Le film tient une ligne parfaite entre romantisme et sexualité, amour et désamour, choix de vie possible ou imposé et c’est très bien raconté Très visuel avec ses longues séquences fixes du côté du poids de la conscience ou de la morale (la scène du bain à la fin est terrible ) qui s'opposent à certains mouvements de caméras dont le mouvement fait ici sens de liberté ,d'amour et de réalisation de soi (nager, conduire, courir). 
 

L'intérêt ne cesse de croître à mesure que le réalisateur sait faire participer le spectateur aux doutes et aux hauts et aux bas du protagoniste, magnifiquement interprété par Mateusz Banasiuk, qui offre également à l'écran toute la splendeur de son corps d'athlète nageur.

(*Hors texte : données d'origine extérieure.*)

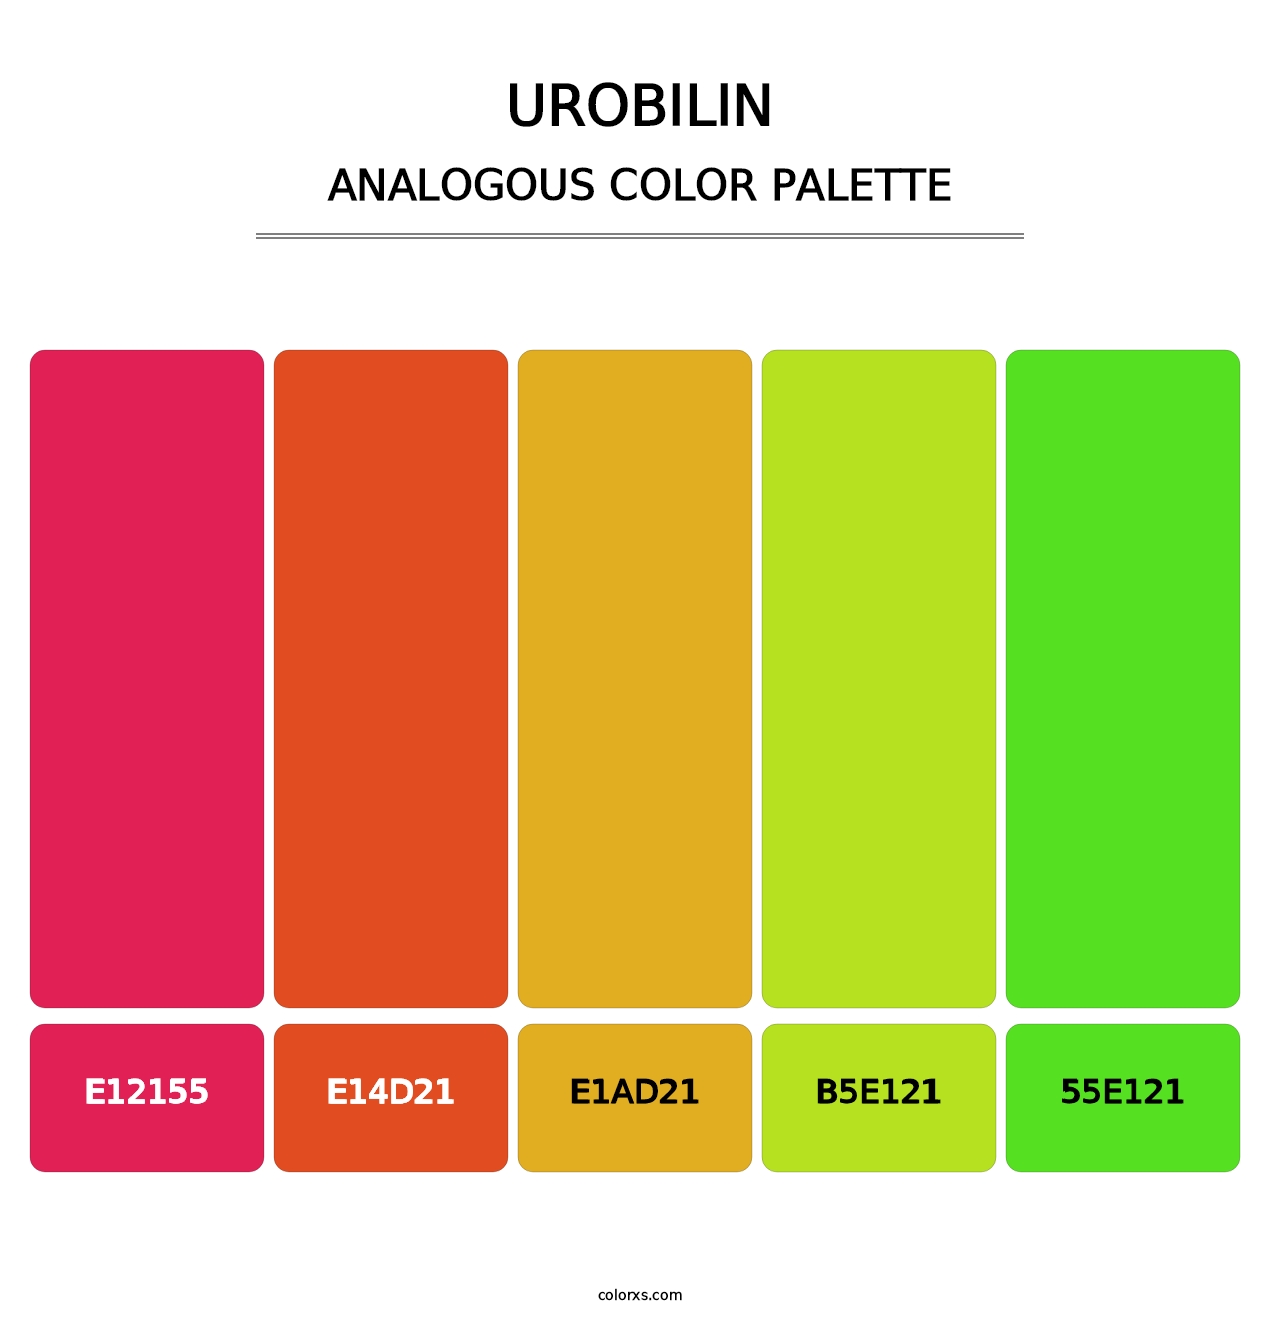 Urobilin - Analogous Color Palette

Dans l'eau – la piscine, la rivière, les fontaines, la pluie, et même l'eau du bain – se trouve la métaphore de la purification, qui n'est pas toujours ce qu'elle paraît. Le film est imprégné d'un érotisme puissant, intense et finement ciselé qui contribue grandement à la compréhension du destin de Kuba et des sentiments du spectateur.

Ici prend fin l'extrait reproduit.